When no row is found, the "unknown" key is returned. (The "unknown" key will be 0 or 1 depending on whether or not you selected an auto-increment field for the technical key field). Please note that we don’t make a difference between "Unknown", "Not found", "Empty", "Illegal format", etc. These nuances can be added manually however. Nothing prevents you from flushing out these types before the data hits this transform with a Filter, regular expression, etc. We suggest you manually add values -1, -2, -3, etc for these special dimension entry cases, just like you would add the specific details of the "Unknown" row prior to population of the dimension table.

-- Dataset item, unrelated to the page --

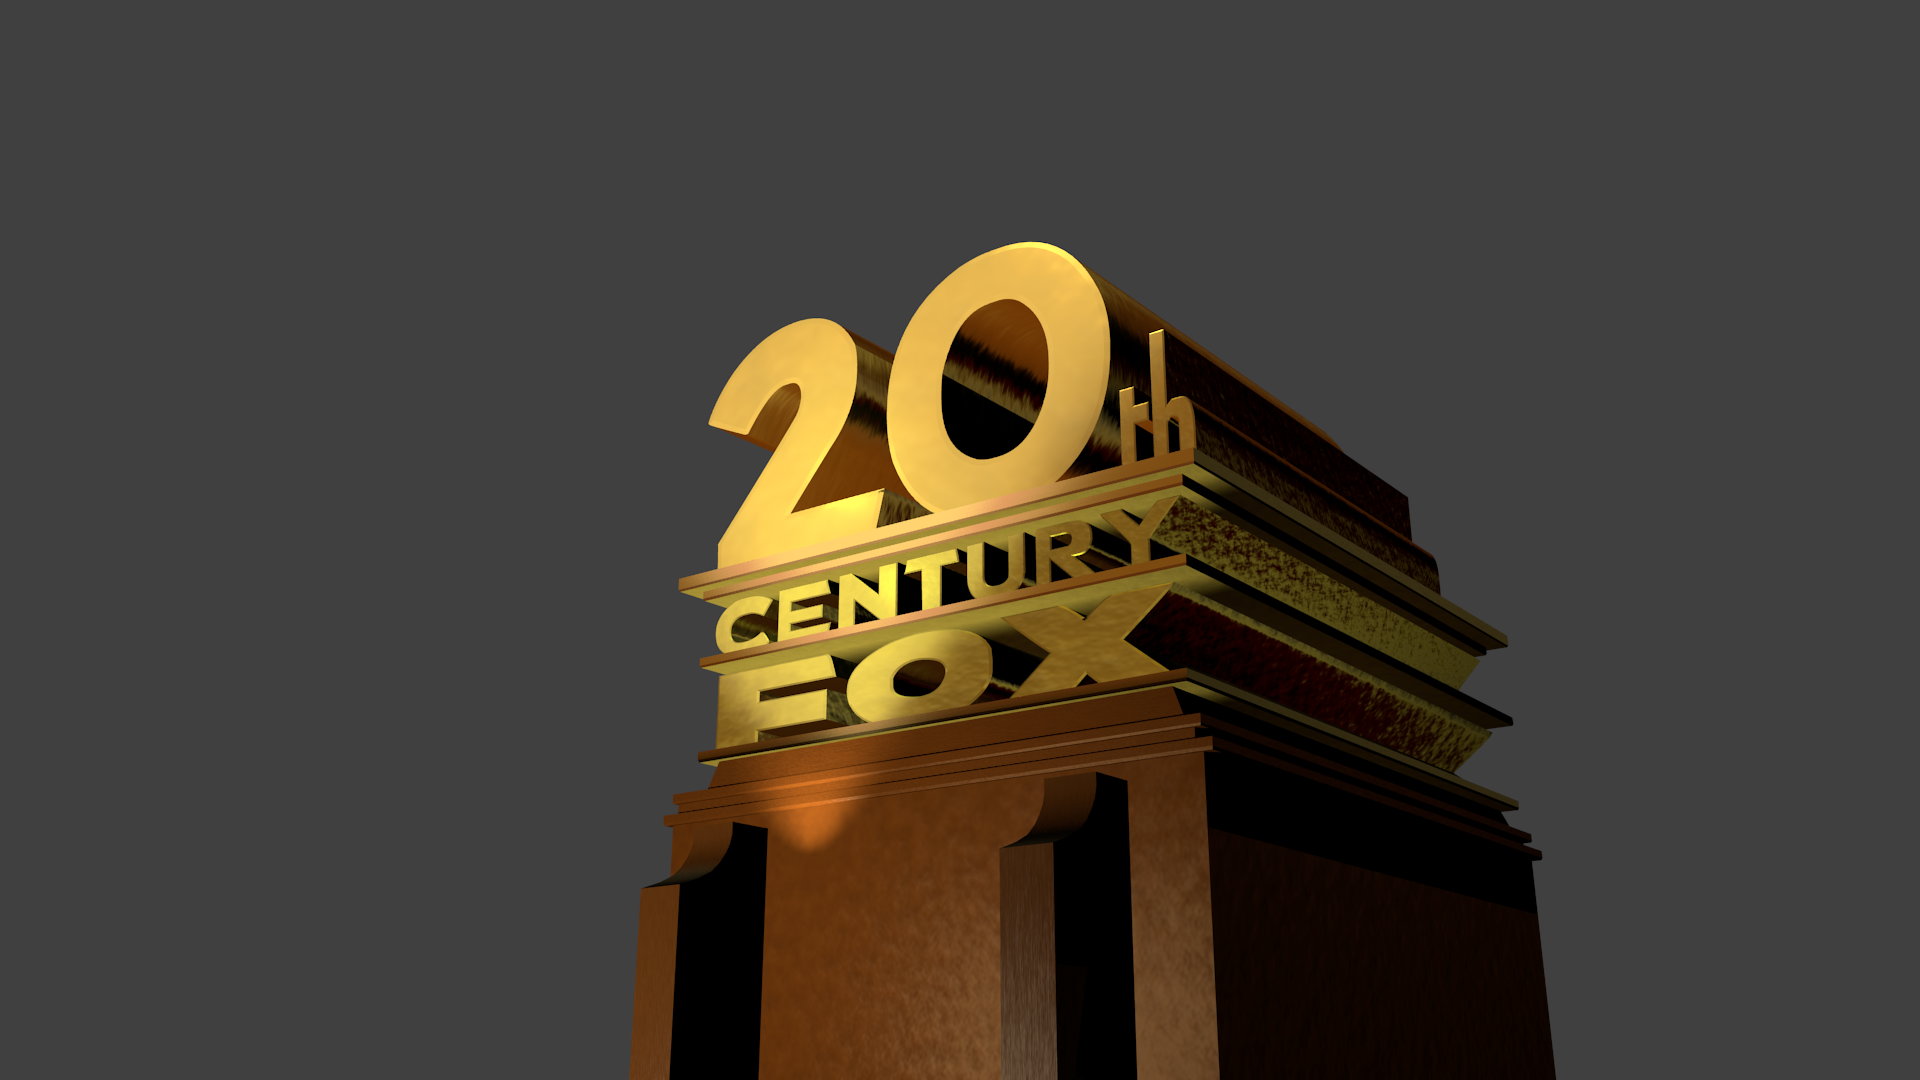 20th Century Fox Logo Wallpaper

Do not use NULL values for your natural key(s). Null values can’t be compared and are not indexed by most databases. Even if we would support null values in keys (something that doesn’t make a lot of sense anyway), it would most likely cause severe lookup performance problems.
Be aware of data conversion issues that occur if you have data types in your input streams that are different from the data types in your natural key(s). If you are have Strings in the transforms input and in the database you use an Integer for example, make sure you are capable of converting the String to number. See it as a best practice to do this before this transform to make sure it works as planned. Another typical example of problems is with floating point number comparisons. Stay away from those. We recommend you use sane data types like Integer or long integers. Stay away from Double, Decimal or catch-all data types like Oracle’s Number (without length or precision; it implicitly uses precision 38 causing us to use the slower BigNumber data type).

Update

In update mode (update option is enabled) the transform first performs a lookup of the dimension entry as described in the "Lookup" section above. The result of the lookup is different though. Not only the technical key is retrieved from the query, but also the dimension attribute fields. A field-by-field comparison then follows. The result can be one of the following situations:

The record was not found, we insert a new record in the table.
The record was found and any of the following is true:
- One or more attributes were different and had an "Insert" (Kimball Type II) setting: A new dimension record version is inserted.
- One or more attributes were different and had a "Punch through" (Kimbal Type I) setting: These attributes in all the dimension record versions are updated.
- One or more attributes were different and had an "Update" setting: These attributes in the last dimension record version are updated.
- All the attributes (fields) were identical: No updates or insertions are performed.
Insertion of new rows are performed in the following transforms:
- The current row is updated with "date_to" updated with the "Stream date field"
- The new row is inserted where the changes in attributes are recorded according to rule in previous paragraph. "date_from" field is updated with the "Stream date field" and the "date_to" is updated with the Max date of the table range end date.
- The version number of the new row in incremented by 1.
- Stream date field" cannot be before the earliest start date of the currently valid rows.
- select min(date_from) from dim_table where date_to = "2199-12-31 23:59:59.999"
- It is important to ensure that the incoming rows are sorted by the "Stream date field"